Transcribe everything in the listing as written, and let no image into the copy.

PROVIDED DATA |
======

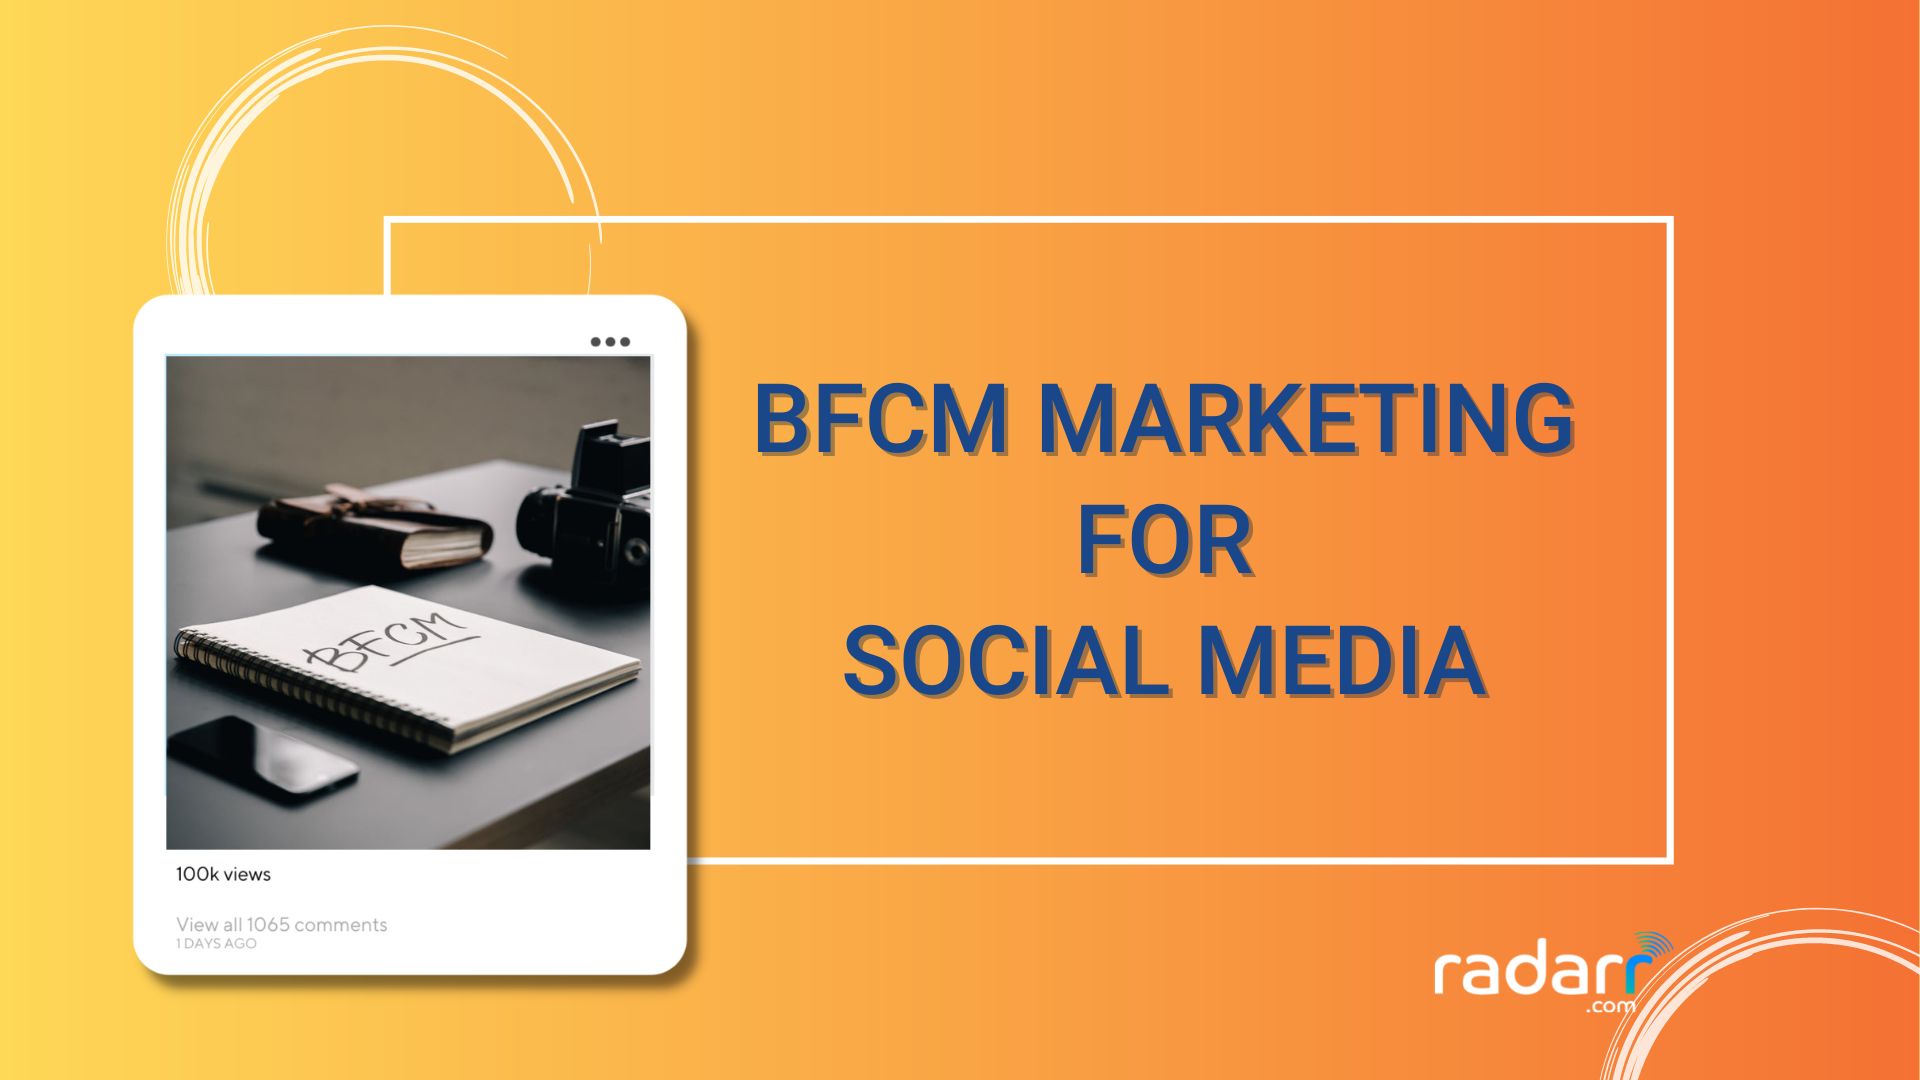 bfcm marketing on social media
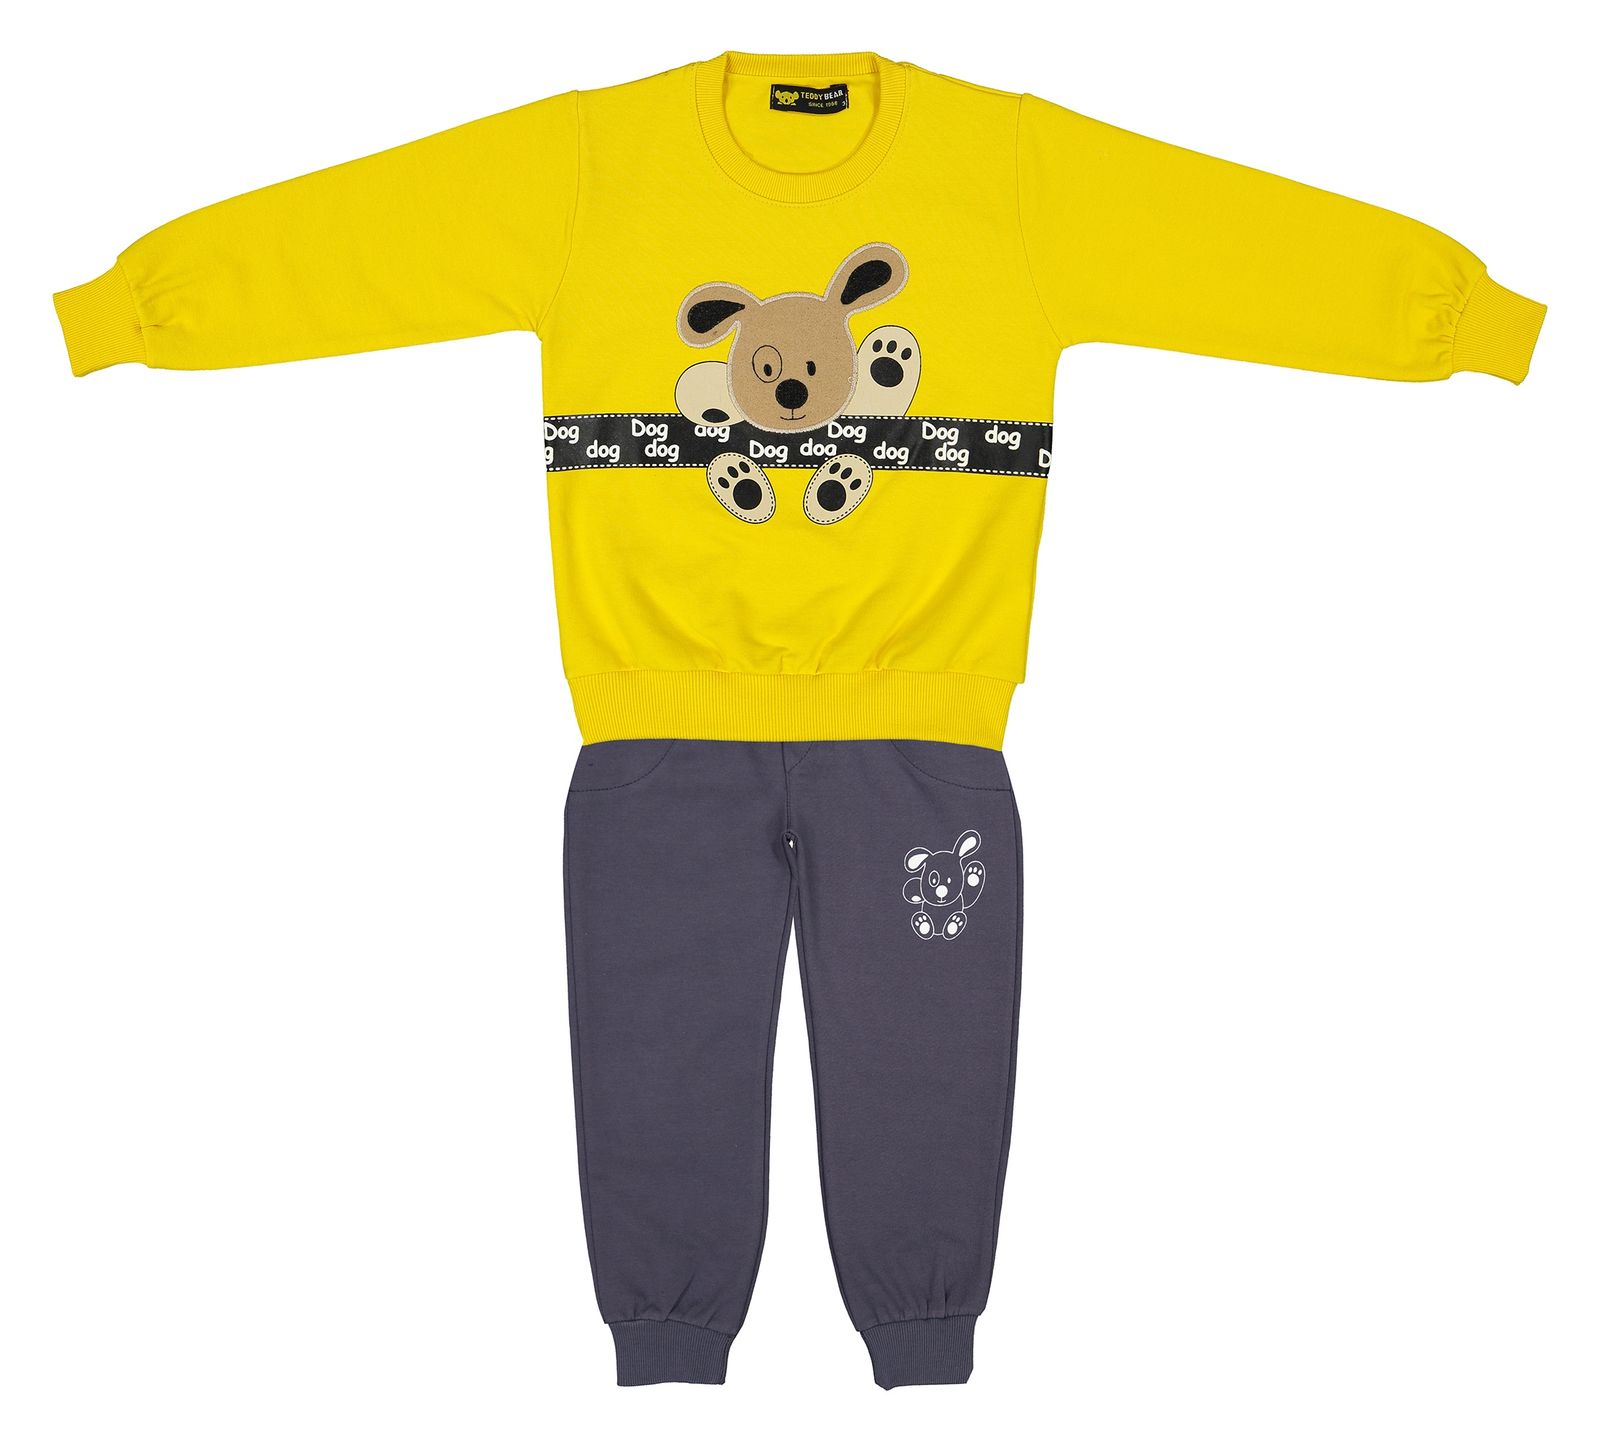 ست سویشرت و شلوار پسرانه خرس کوچولو مدل 2101105-16 - زرد - 1
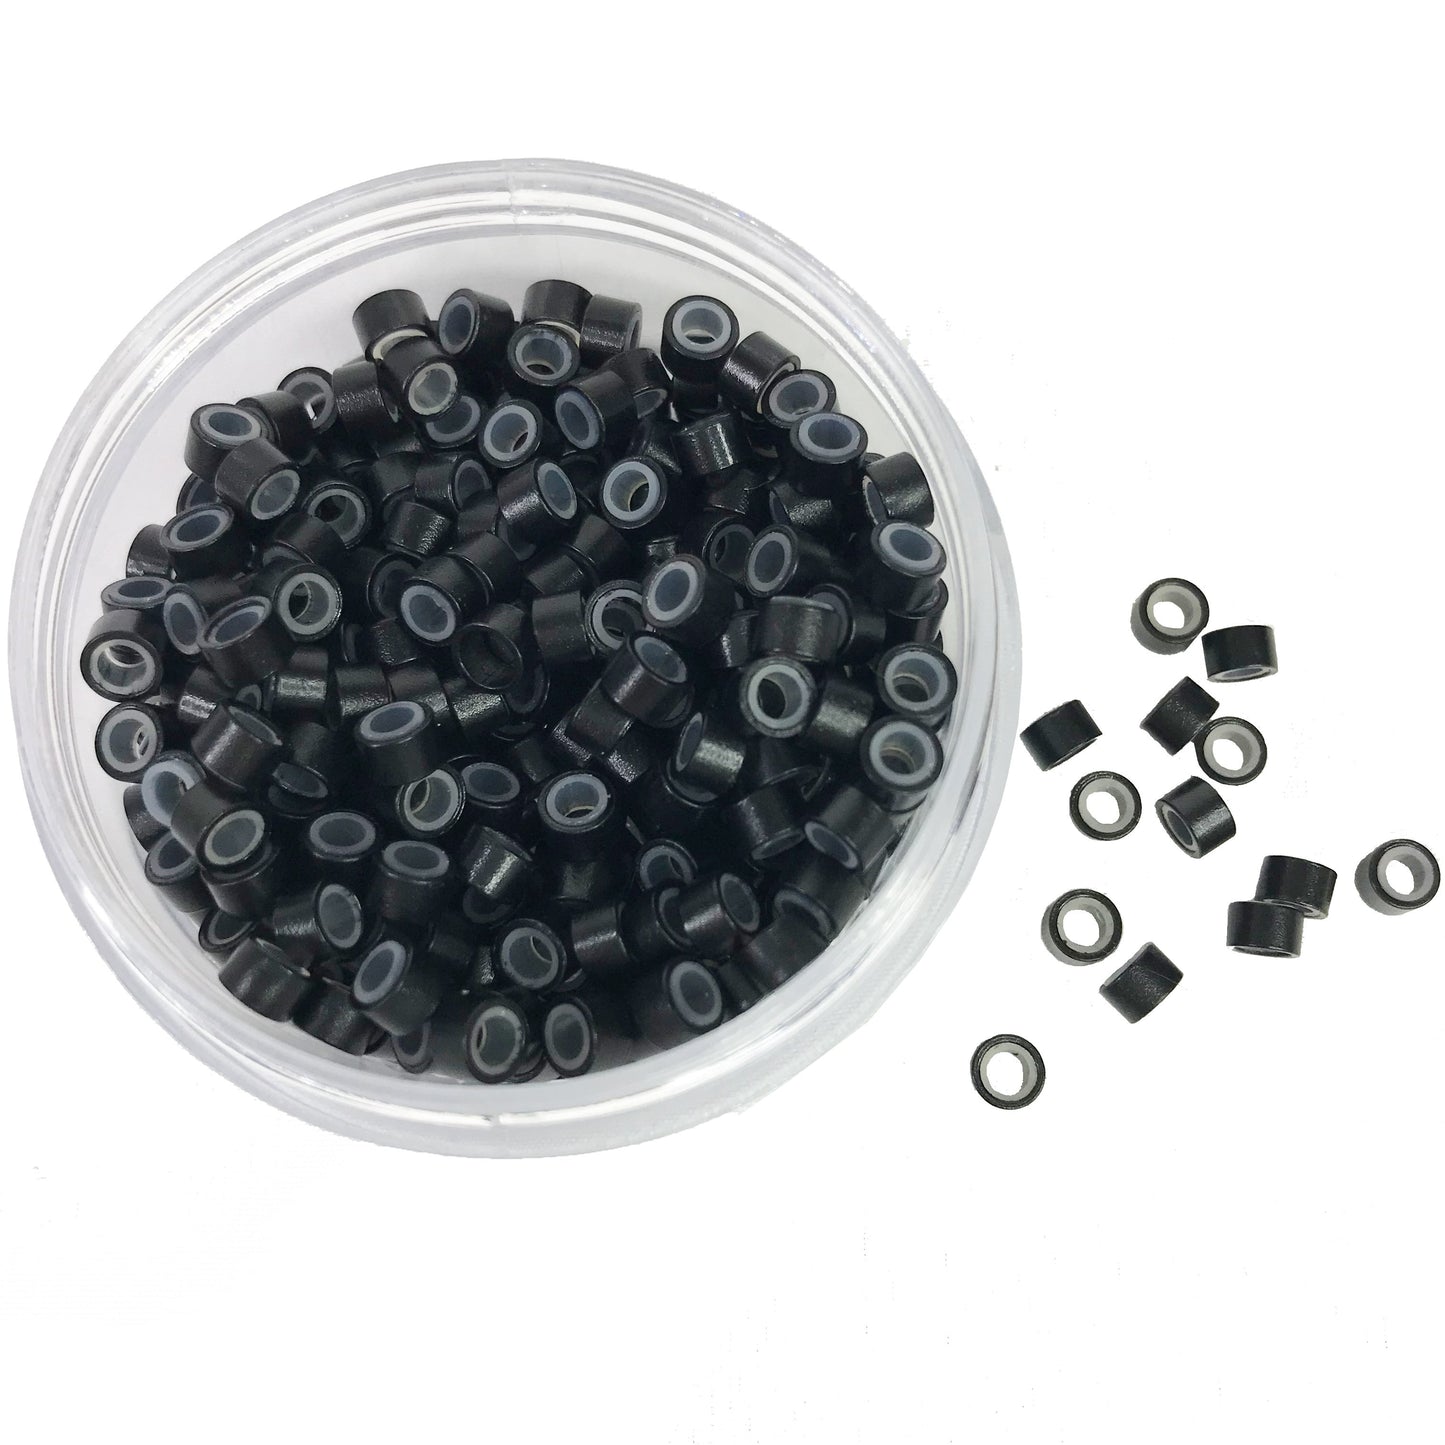 Anillos de microenlace de silicona Cuentas forradas de 5 mm para herramienta de extensiones de cabello Negro

======

OUTPUT OF THE TASK |
 bfcm marketing on social media
 ست سویشرت و شلوار پسرانه خرس کوچولو مدل 2101105-16 - زرد - 1
 Anillos de microenlace de silicona Cuentas forradas de 5 mm para herramienta de extensiones de cabello Negro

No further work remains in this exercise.